MarkBcc168 wrote: Very enjoyable problem! no Let $P(a,b,c)$ denote the assertion. $\textbf{Claim: }$ $f^{a^2-a}(a^2)=a$ $\emph{Proof: }$ $P(a,a,a)$ and $P(a^3,a^3,a^3)$ give $f^{a^3-a}(a^3)=a$ and $f^{a^9-a^3}(a^9)=a^3,$ so $$f^{a^9-a}(a^9)=f^{a^3-a}(f^{a^9-a^3}(a^9))=f^{a^3-a}(a^3)=a.$$Then, $P(a,a,a^7)$ yields $$2f^{a^9-a}(a^9)+f^{a^9-a}(a^9)=2a+a^7\implies f^{a^9-a^7}(a^9)=a^7$$Similarly, we can show that $f^{a^9-a^5}(a^9)=a^5,$ so from $P(a^2,a^2,a^5),$ we have $$2f^{a^9-a^2}(a^9)+f^{a^9-a^5}(a^9)=2a^2+a^5\implies f^{a^9-a^2}(a^9)=a^2$$$$\implies f^{a^2-a}(a^2)=f^{a^9-a}(a^9)=a,$$as desired. $\blacksquare$ Note that $$f^{b^{2}c^{2}-b}(b^{2}c^{2})=f^{bc-b}(f^{b^{2}c^{2}-bc}(b^{2}c^{2}))=f^{bc-b}(bc),$$and similarly, $f^{b^{2}c^{2}-c}=f^{bc-c}(bc).$ Now, $P(bc,b,c)$ implies that $$f^{bc-b}(bc)+f^{bc-c}(bc)=b+c.\hspace{25pt}(1)$$Plugging in $(a,bc)$ and comparing with $P(a,b,c),$ we find that $$f^{abc-bc}(abc)-bc=(f^{abc-b}(b)-b)+(f^{abc-c}(c)-c)\hspace{25pt}(2).$$Let $d\ge 2$ be a positive integer, and define a function $g$ by $$g(x)=f^{d^{m}(d+1)^{n}-x}(d^{m}(d+1)^{n})-x,$$where $m,n> d+1$ are coprime.

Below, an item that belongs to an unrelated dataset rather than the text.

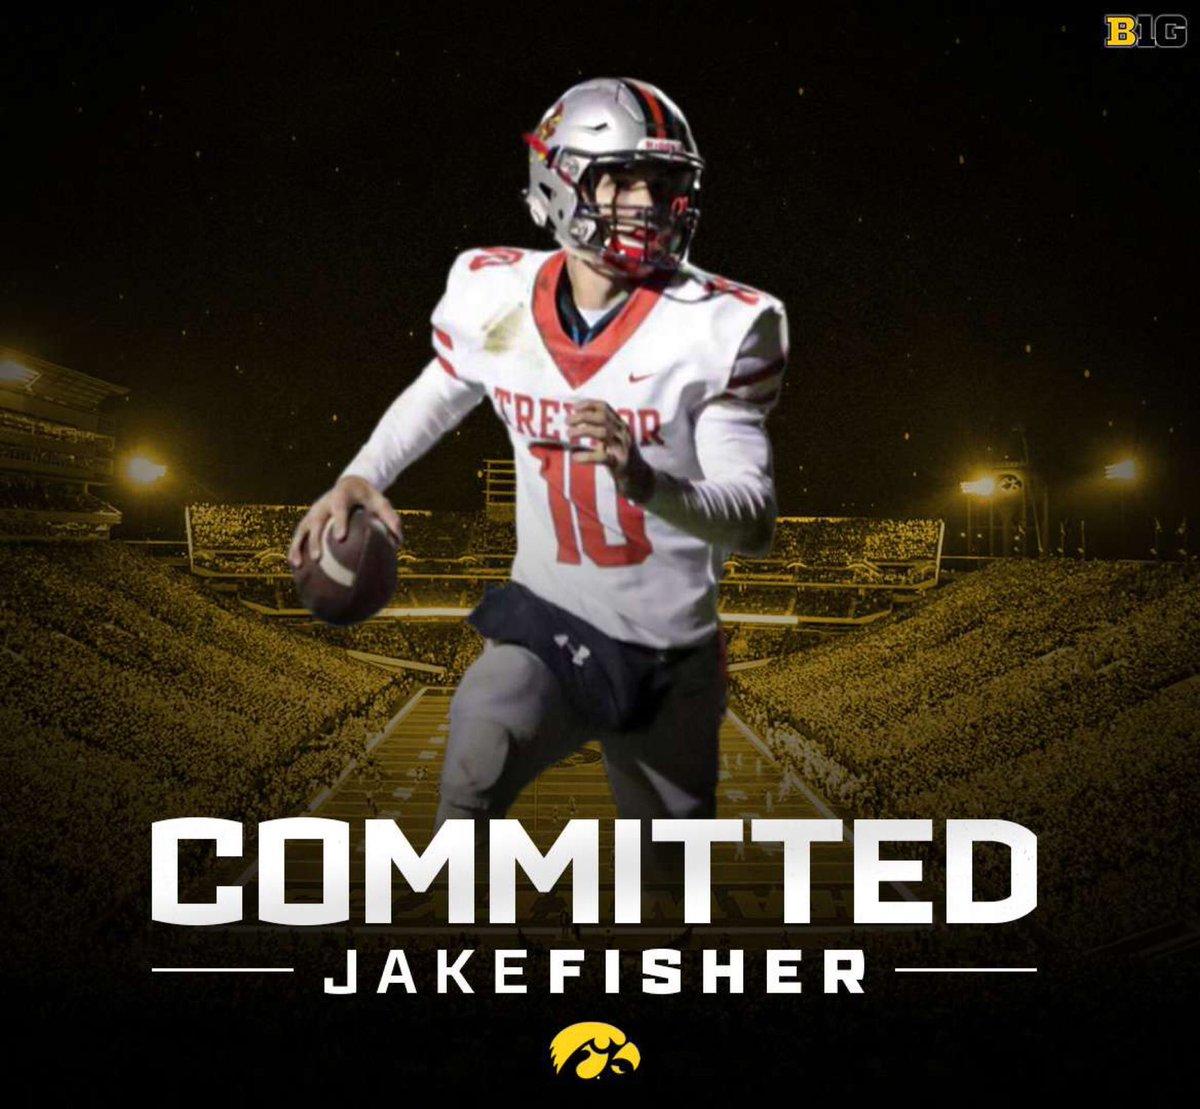 Jake Fisher Jersey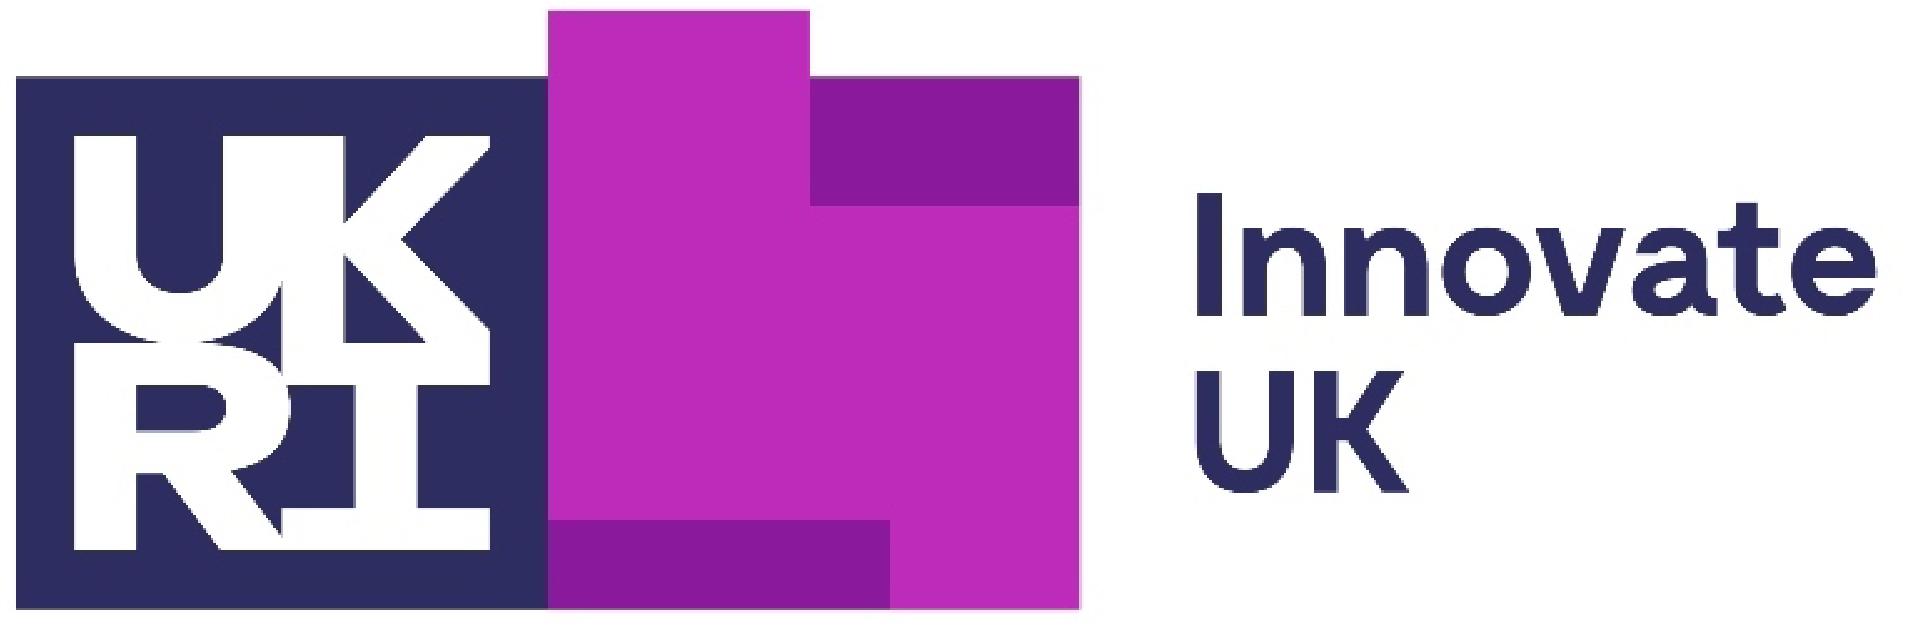 Innovate UK logo

By (1), we have $$g(d^m)+g((d+1)^n)=0.$$Moreover, by (2), we know $g(x)+g(y)=g(xy)$ for all $x,y,$ so $$mg(d)+ng(d+1)=0.$$Hence, $m\mid g(d+1).$ But $g(d+1)<d+1,$ so we must have $g(d+1)=0.$ We can similarly show that $g(d)=0,$ so $f(d+1)=d.$ This yields the solution $f(n)=n-1$ for $n>2$ and $f(n)$ is any positive integer for $n=1,2,$ which can be easily checked to work.

We will show that the only solution is $f(x)=x-1$ for all $x>2$ with $f(1)$ and $f(2)$ some constant. Denote the assertion by $P(a,b,c).$ Claim: $f^{x^2-x}(x^2)=x.$ Proof. $P(x,x,x)$ gives $f^{x^3-x}(x^3)=x.$ Thus $f^{x^9-x^3}(x^9)=x^3.$ So $f^{x^9-x}(x^9)=x.$ We have $f^{x^9-x^4}(x^9)=x^4$ from $P(x^4,x^4,x).$ So $f^{x^4-x}(x^4)=x.$ Note that $f^{x^4-x^2}(x^4)=x^2$ from $P(x^2,x,x).$ Now just compare. $\blacksquare$ Comparing $P(abc,ab,c)$ with $P(a,b,c)$ we get $f^{abc-ab}(abc)-abc=f^{abc-a} (abc)-a+ f^{abc-b}(abc)-b.$ Pick large primes $p,q.$ Fixing $a,b$ and setting $abc=(a^pb^q)^2=x^2$ in the relation gives $0=f^{x^2-x}(x)-x=p(f^{x^2-a}(x^2)-a+q(f^{x^2-b}(x^2)-b).$ Since $p\mid f^{x^2-b}(x^2)-b$ we must have $f^{x^2-a}(x^2)=a.$ Setting $a=b+1$ we get our solutions.